Эта мудрость пришла с годами?
Это зрелость наверное. Ира, я уже много чего в жизни видела и через много ситуаций прошла. Я не буду показывать свои страхи моим детям, у них же своя жизнь, своя судьба. Родители всегда должны быть старше, иначе что-то в жизни нарушается. Несколько лет назад, когда я кормила второго сына, мы целый месяц жили с детьми в Италии. Трудно мне было тогда. Я понимала, что в каком-то ступоре – парни растут, столько хлопот, я что-то делаю на физическом плане, а внутри как будто замерла. Не двигаюсь, ничего не читаю, не пишу, не раскрывается во мне ничего нового. И вот я стою на берегу моря, весь пляж пустой, такая ровная геометрия лежаков, зонтиков – там же у них все правильно, все очень чисто. Такой длинный-длинный мостик к морю, идет дождь, гроза, небо темное, а вода светлее неба, вода прямо как белая. И вот этот мостик – дощечки, дощечки, все ровненькое, итальянское, а дощечки скреплены между собой балками. И от того, что ничего не происходит, вылезают крабики. И смотрят на меня. Стоит только пошевелиться – они убегают. Замереть – они опять вылезают. Замираю. Смотрим друг на друга. Тонкое такое состояние соединения с миром. Подняла голову к небу, закрыла глаза и спрашиваю: Господи, заблудилась я, что делать мне дальше?

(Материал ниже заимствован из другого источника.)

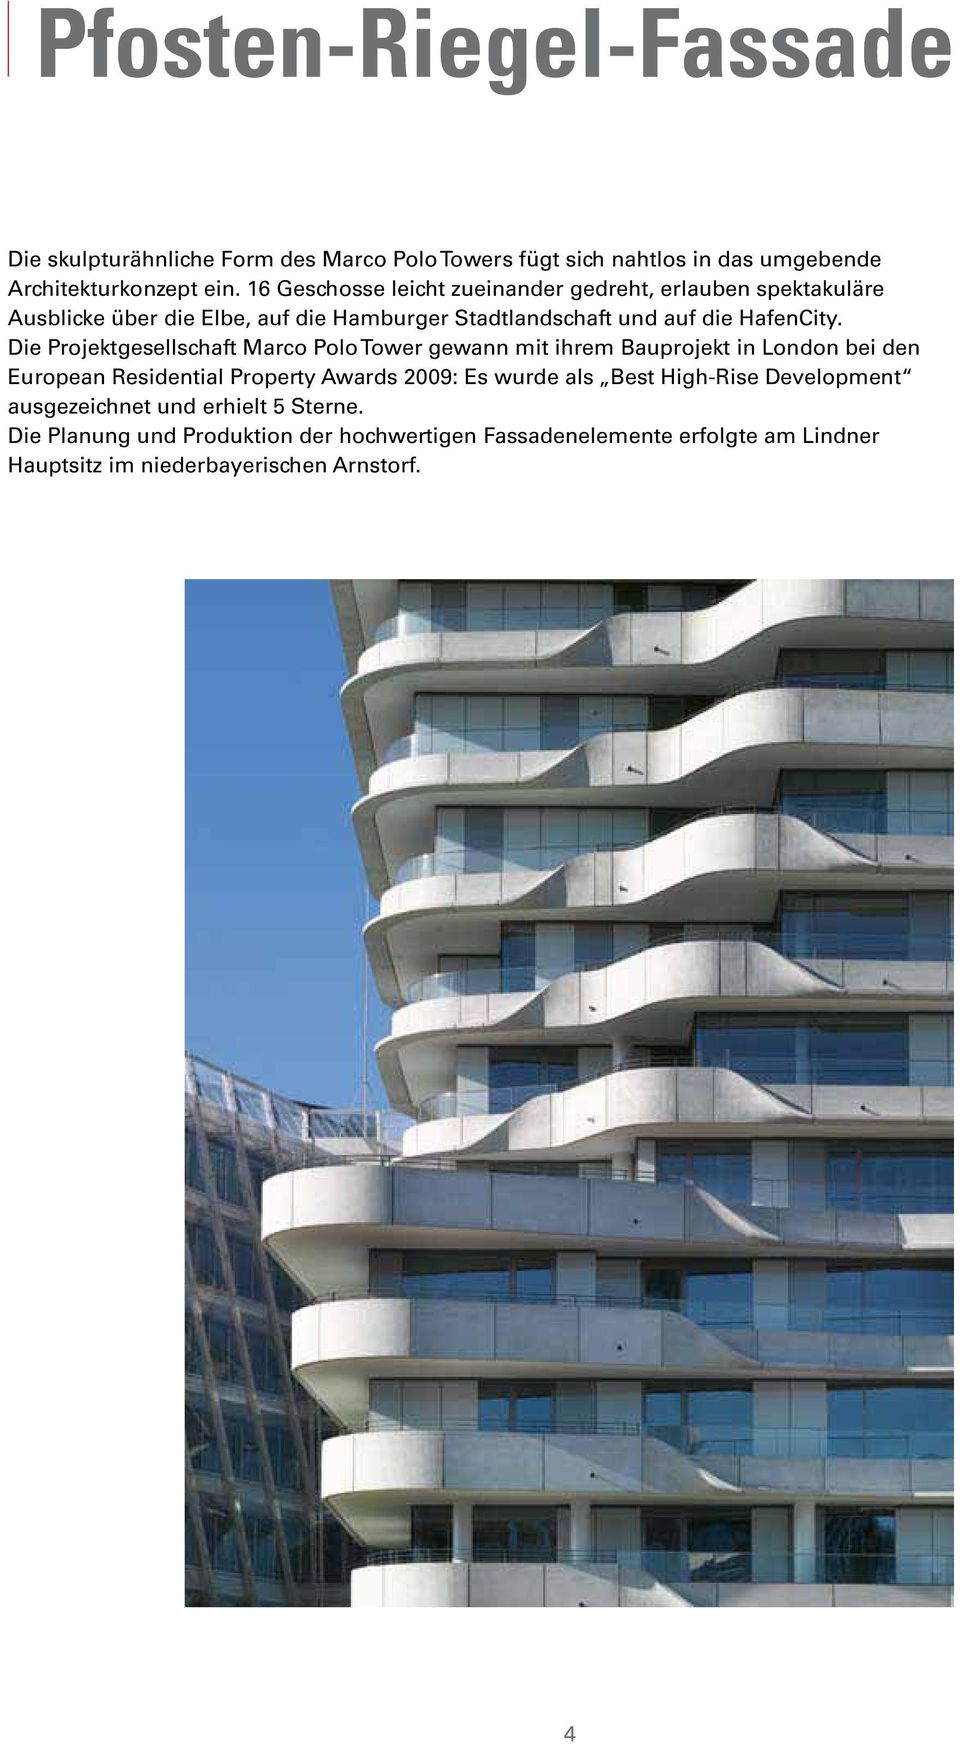 Die Projektgesellschaft Marco Polo Tower gewann mit ihrem Bauprojekt in London bei den European Residential Property Awards 2009: Es wurde als Best

Плачу так стою. А мне в ответ: опусти голову и посмотри под ноги. Опускаю глаза, а там, на балке этой, ровно вдоль моей ступни написано: Ти амо. Я люблю тебя. Я разревелась. Бог любит меня всегда.
Все только начинается?
Да. Матрица нашего рождения делится на четыре части. Один квадратик – то, что ты несешь из прошлой жизни, свои ошибки или достижения, которые тебе здесь встречаются подарком. Второй квадратик – история твоего рода, ты же не из воздуха родилась. Третий квадратик – задание, которое тебе дал Бог, чтобы планета стала гармоничнее и красочнее через тебя. И только четвертый квадратик беленький и чистый, куда ты пишешь свою жизнь сама. Только один квадратик. Нам надо научиться каждый день заполнять его по-доброму, с любовью.